El auto continuó corriendo. La carretera brillaba en la noche en medio de aquel bosque, al que partía como una línea recta. Dolly observó con el corazón tembloroso que el auto se detenía, al fin, ante una linda casa de campo, rodeada de un fresco y bello jardín. El lago rutilaba a lo lejos con reflejos metálicos, y Dolly, con los ojos desorbitados por el asombro, saltó al césped y contempló aquellos lugares tan queridos, que, aun con ser los mismos, eran tan diferentes de cómo los conocía.

—Edward —murmuró estremecida por la emoción.

—¿Cómo has hecho esto?

—Fueron tres años de intenso trabajo, querida.

—Pero si yo vine aquí una vez...

—Lo sé. Fue después cuando yo decidí estacionarme aquí. Trabajé intensamente para rendirte este tributo. Es el regalo que hago a mi querida judía.

Ella se colgó de su cuello y lo besó en plena boca, con intensidad, con adoración.

—Mi amado lord —musitó, bajito—. No te pesará, querido mío. ¡Nunca te pesará!

El nene corría tras de la vieja Luci en dirección al lago.

Edward cogió a su esposa en brazos y la llevó a través del jardín.

—Aquí seremos felices, Dolly.

En los ojos de aquella judía apareció el brillo de una lágrima. Edward la bebió avaricioso y miró hacia el firmamento.

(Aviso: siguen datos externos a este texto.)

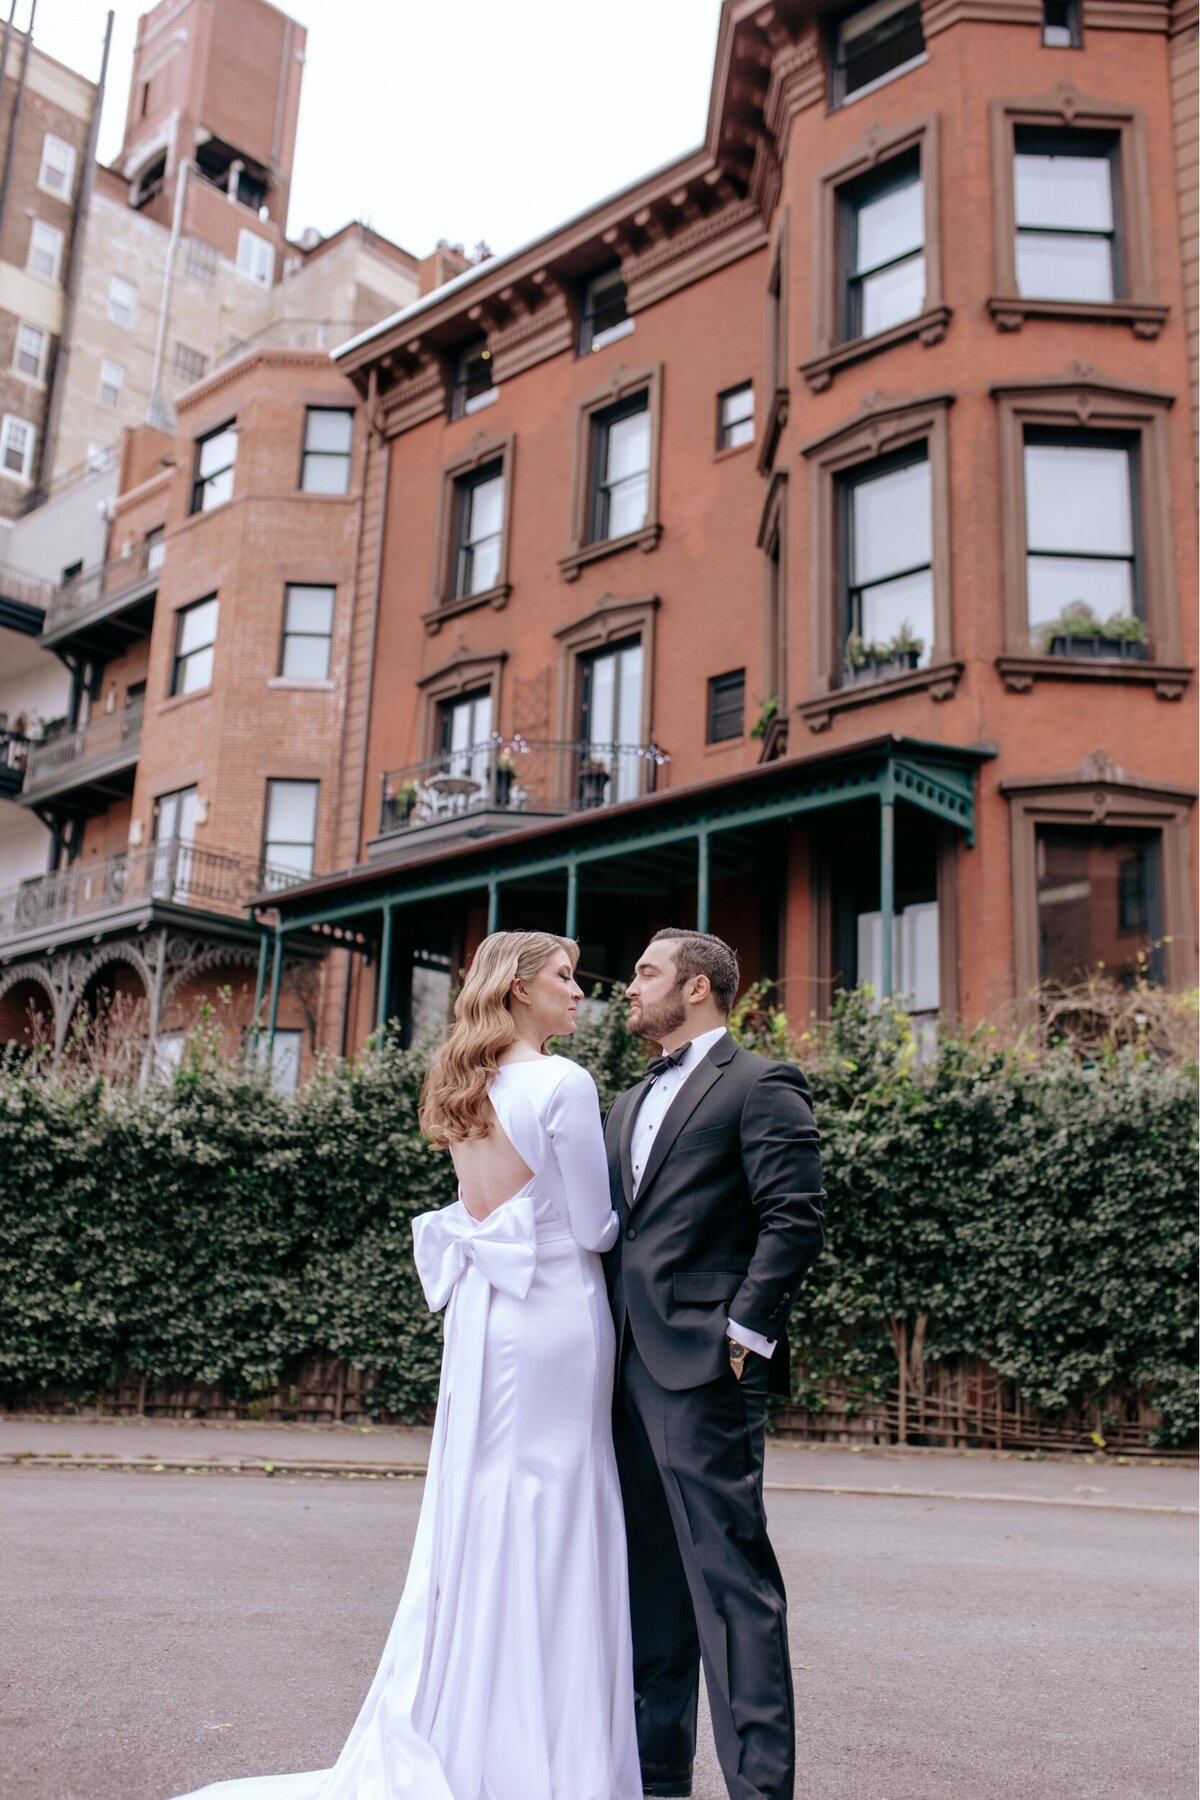 Bride and groom gazing at one another in in fron of a townhouse in NYC.

—Dios te bendiga, padre —exclamó Dolly.

Penetraron en la casita, depositó a su mujer sobre un diván y dijo contemplándola apasionadamente:

—Ahora tienes que prometerme olvidar el pasado, Dolly.

—¿Cómo no voy a olvidarlo si tú estás a mi lado? Siéntate aquí, Teddy. Quiero decirte cómo te quiero.

Y se lo dijo tan intensamente, que el hombre quedó enajenado.